Regime soldiers called owners of all transport companies in Aunglan to a meeting where they ordered them to send vehicles and drivers to their bases when they asked to use them, the transport company owner said.
“We heard they will abduct more people in Aunglan,” a resident of the town told The Irrawaddy.
According to the spokesperson of the Aunglan resistance force, the military junta aims to round up 250 young men in Aunglan for the second batch of conscripts. Sources in Aunglan say 80 young men have been sent to Magwe for training, but junta officials said they want 250 for the second batch.

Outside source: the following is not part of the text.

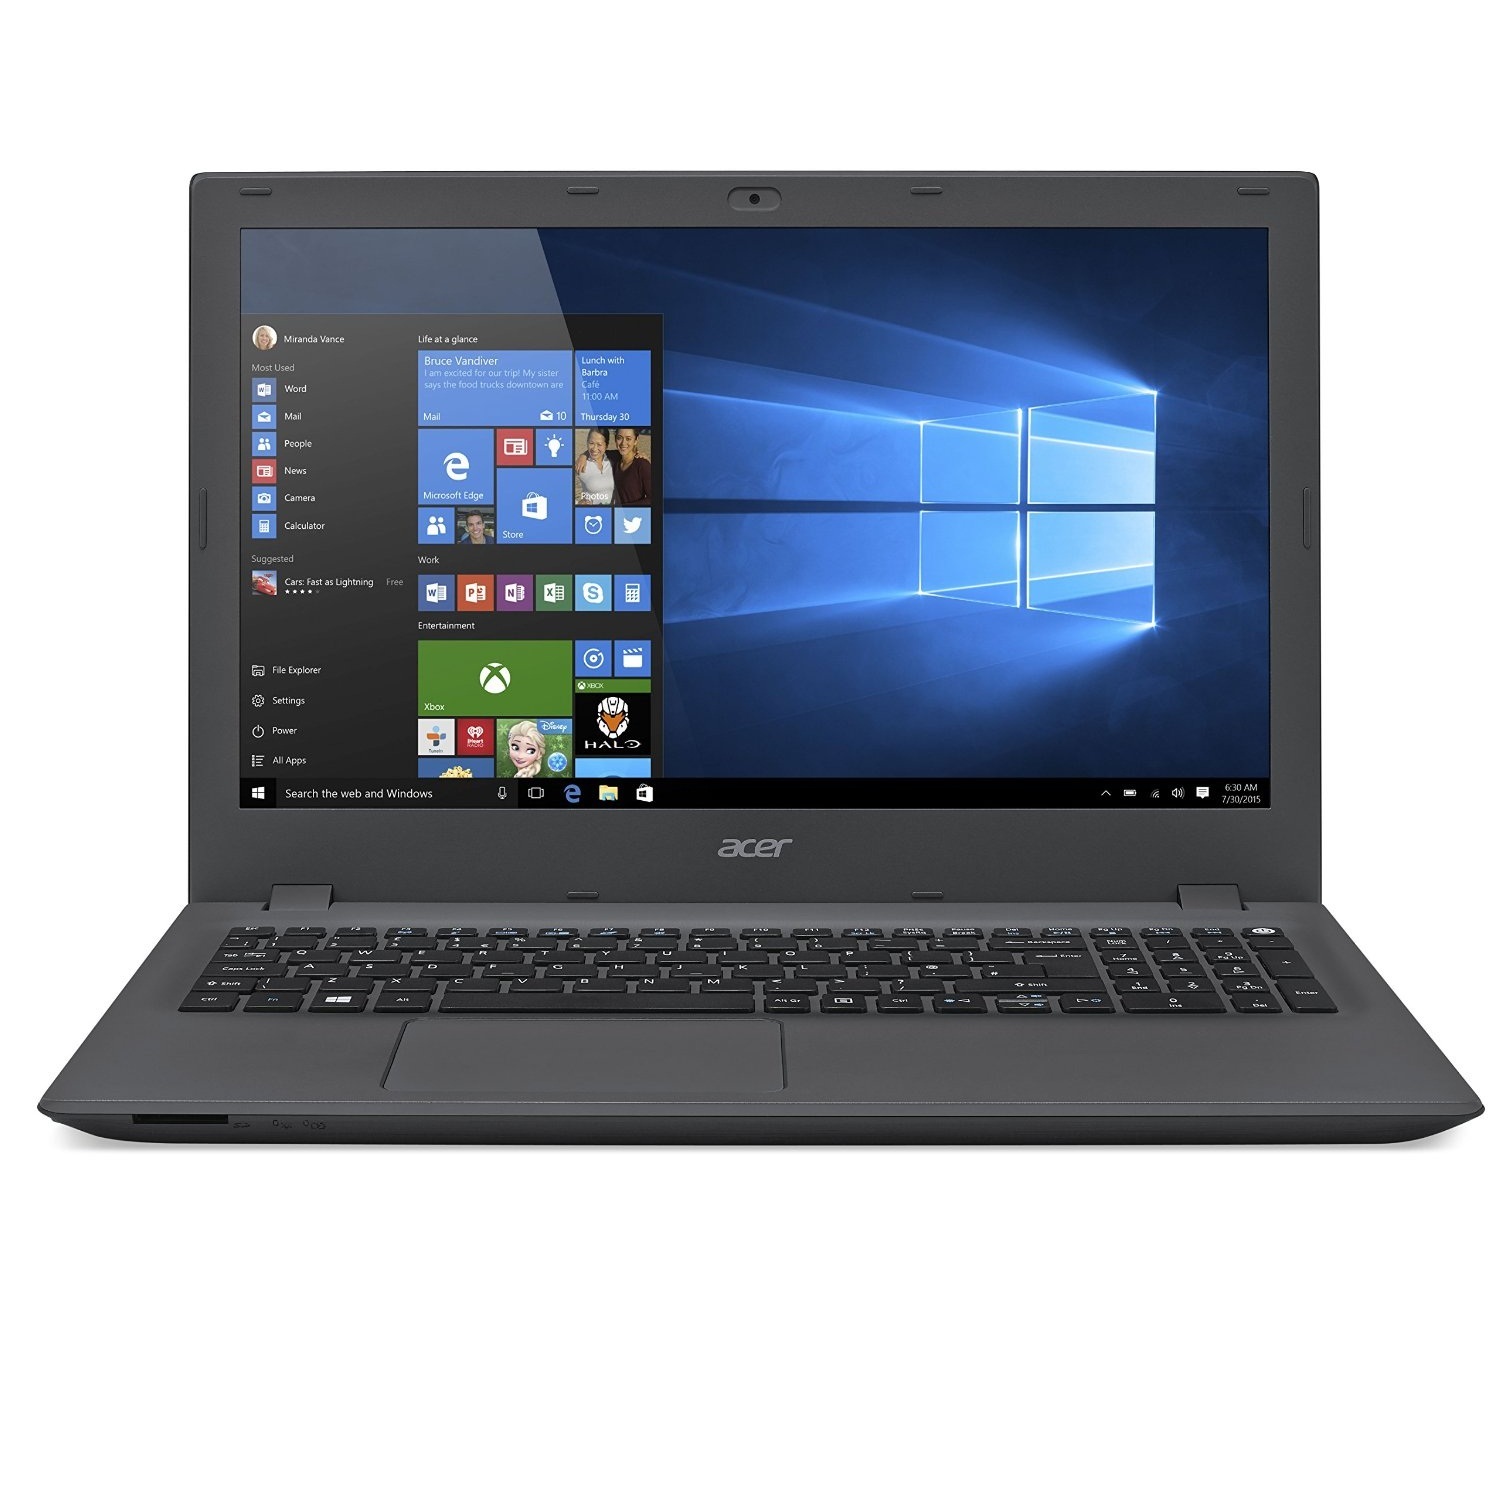 Laptop ACER AS E5-574G-58H2 (NX.G3HSV.001)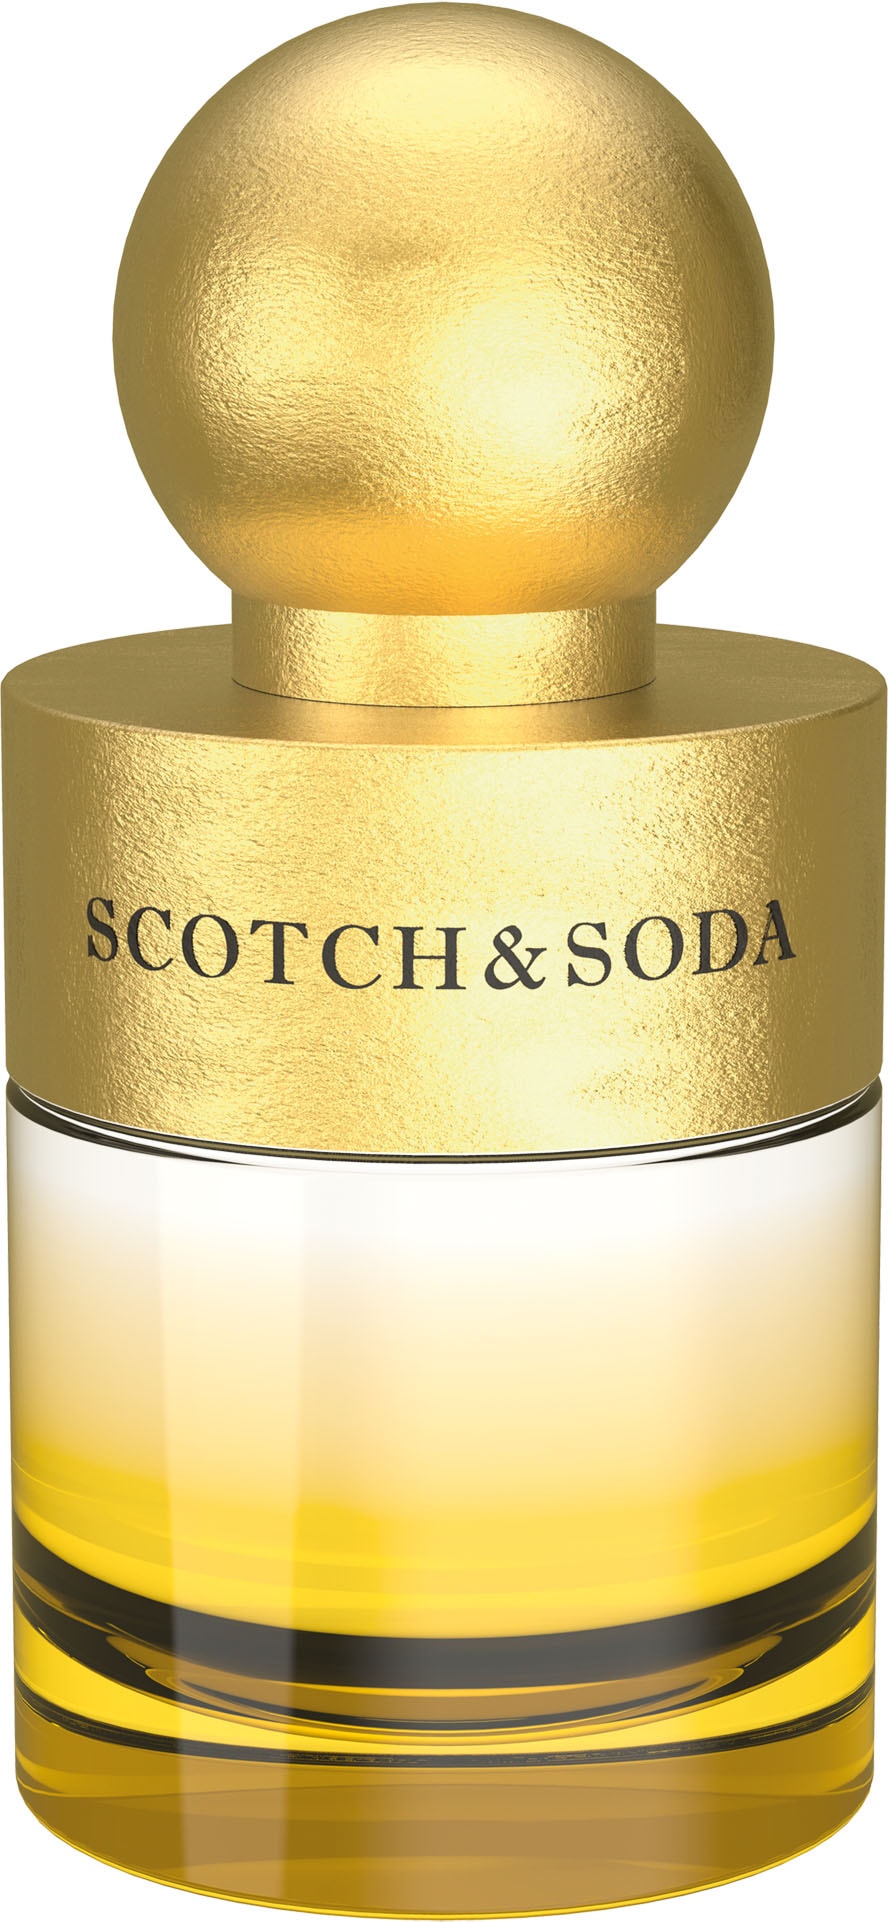 Parfum Women« Eau Water & | Soda BAUR online »Island Scotch bestellen de

Most ward administrators are reluctant to participate in the military’s recruiting drive because they face assassination by local People’s Defense Forces if they do, sources in Aunglan said.
Potential recruits whose names were on the list for the second batch of conscripts escaped before the random draw was held to determine who on the lists would be selected because some ward administrators delayed the process, the spokesperson for the resistance force said.
“Most residents of the town do not go outside their homes now. Some people joined the local resistance forces … I want to tell Aunglan residents that we won’t leave them alone,” the spokesperson added.
The junta began basic training for conscripts at military bases and training schools across the country in April with an initial batch of 5,000 young men.